▶ Problem description
Write each line below back out exactly, omitting its pictures.

▶ Information provided
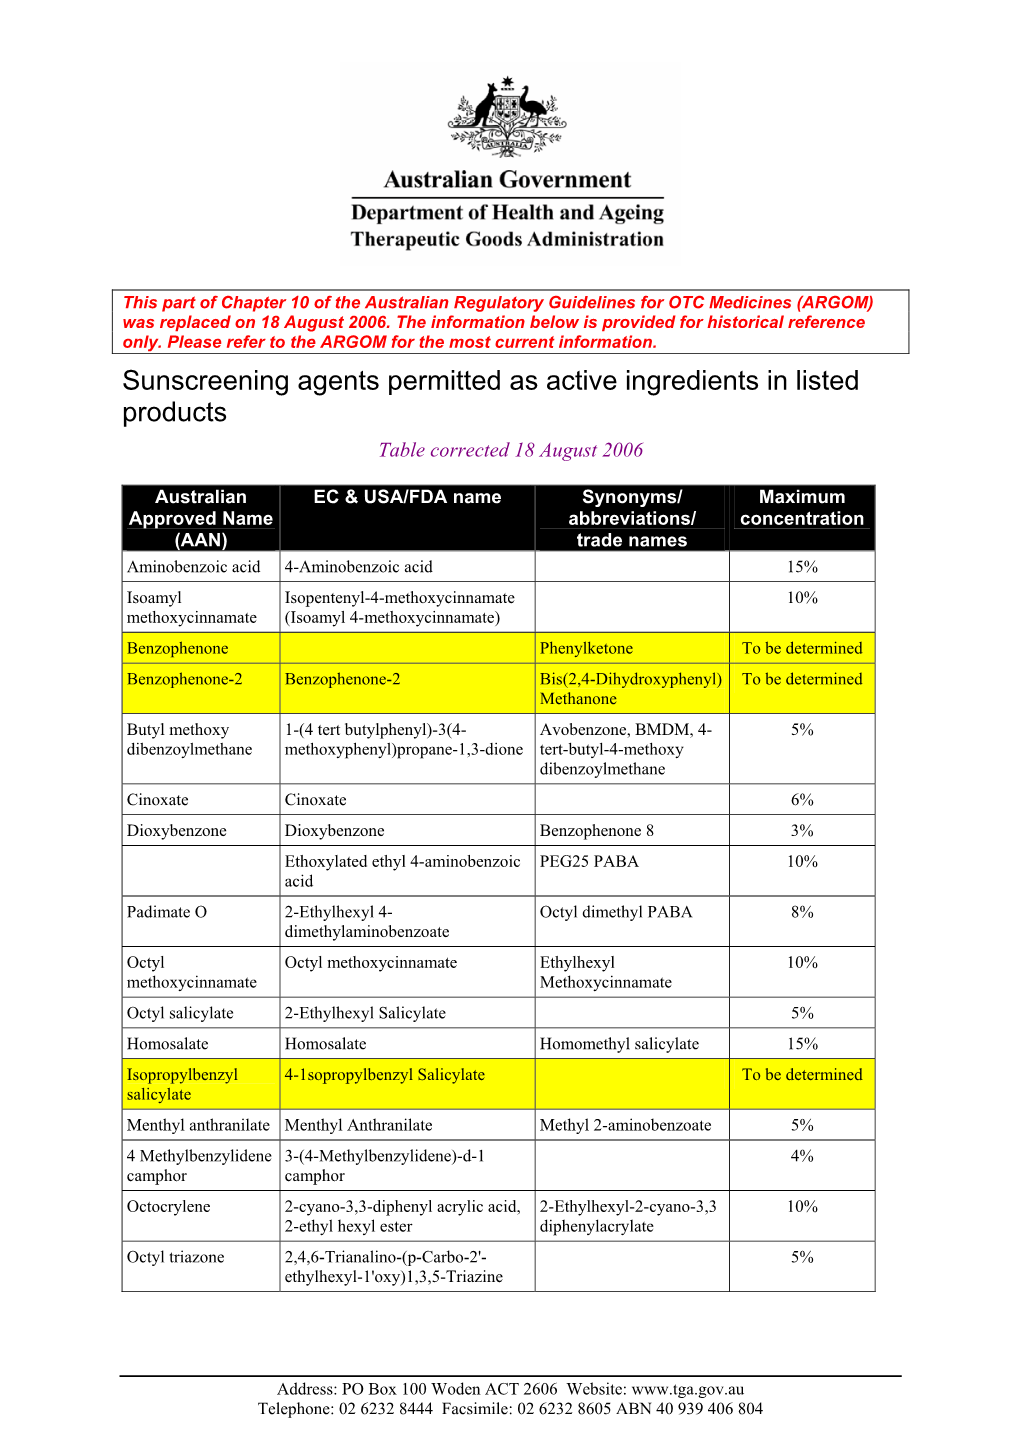 Sunscreening Agents Permitted As Active Ingredients in Listed Products Table Corrected 18 August 2006
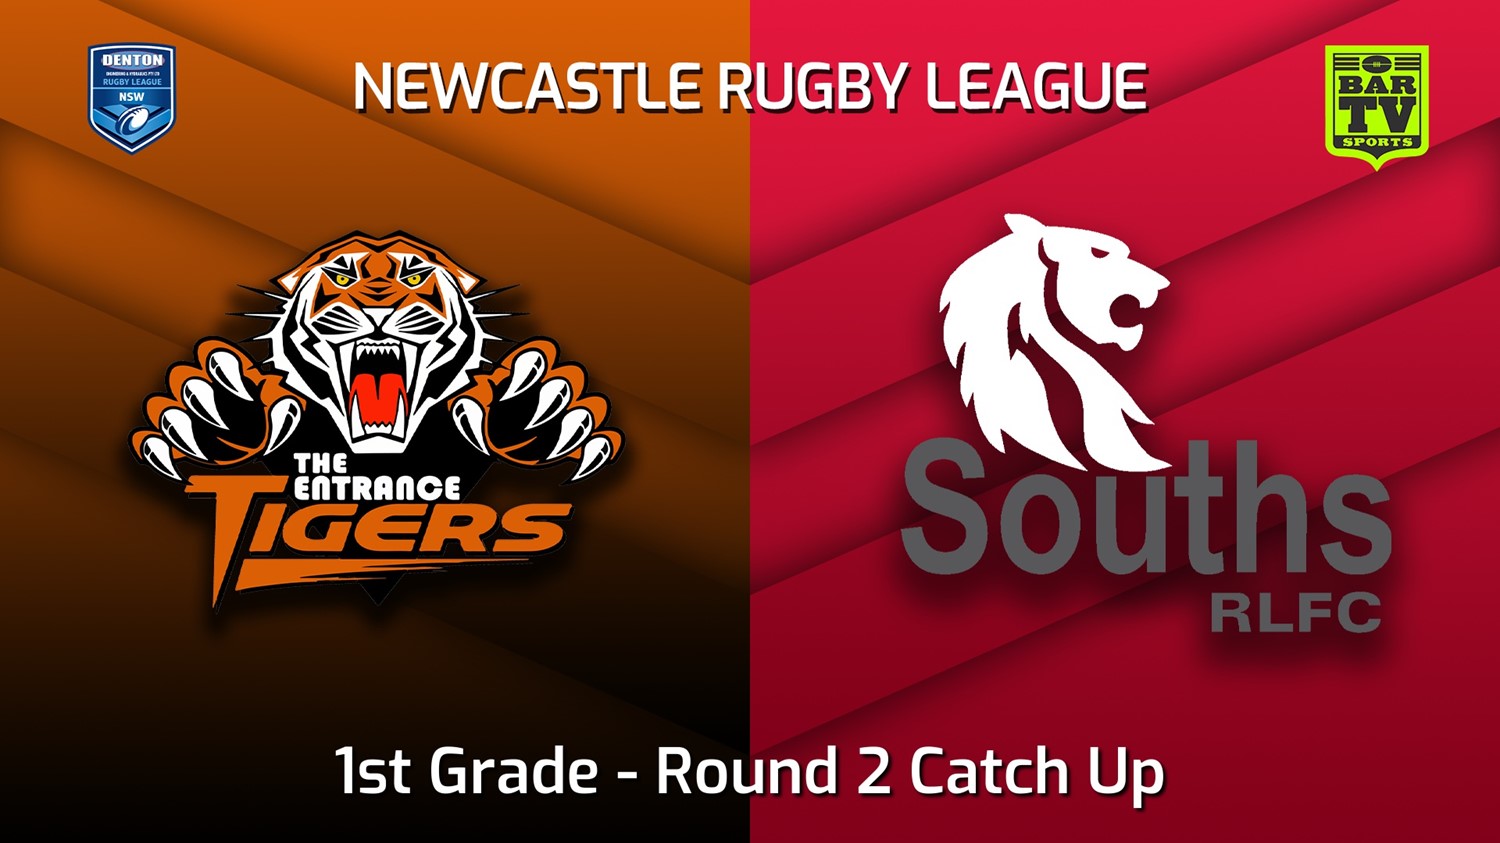 220515-Newcastle Round 2 Catch Up - 1st Grade - The Entrance Tigers v South Newcastle Lions Minigame Slate Image
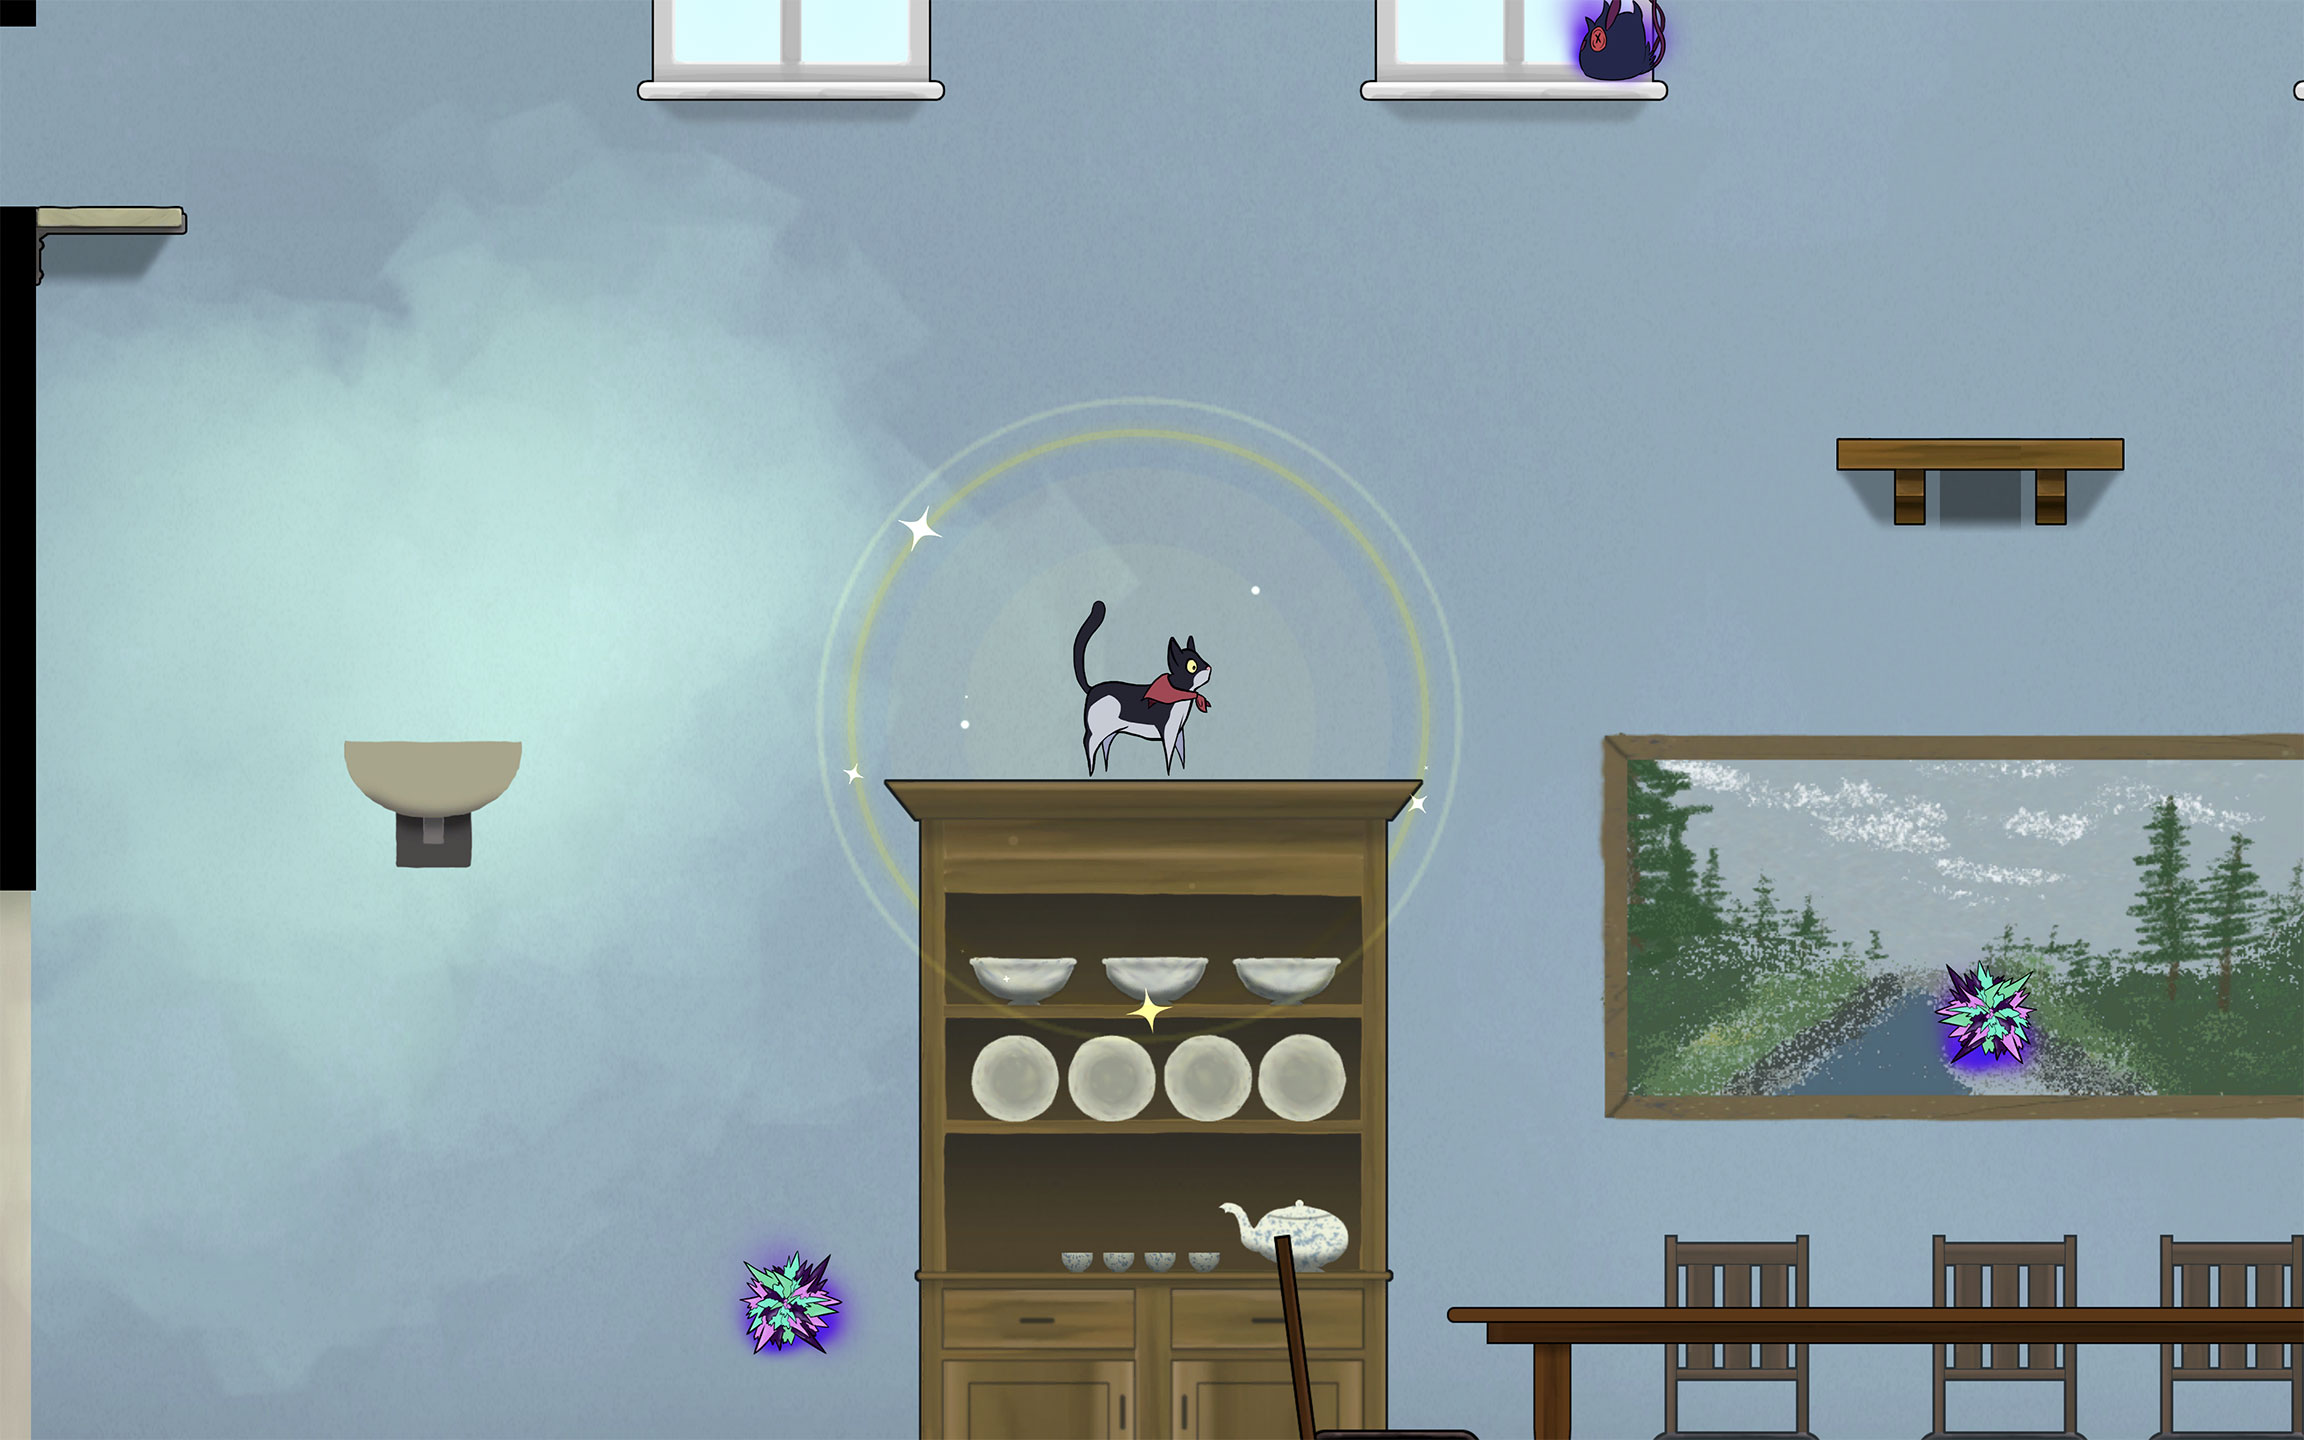 Screenshot of the game Paws of Purity showing Kitty standing on top of a china hutch.

▶ Expected output
 Sunscreening Agents Permitted As Active Ingredients in Listed Products Table Corrected 18 August 2006
 220515-Newcastle Round 2 Catch Up - 1st Grade - The Entrance Tigers v South Newcastle Lions Minigame Slate Image
 Screenshot of the game Paws of Purity showing Kitty standing on top of a china hutch.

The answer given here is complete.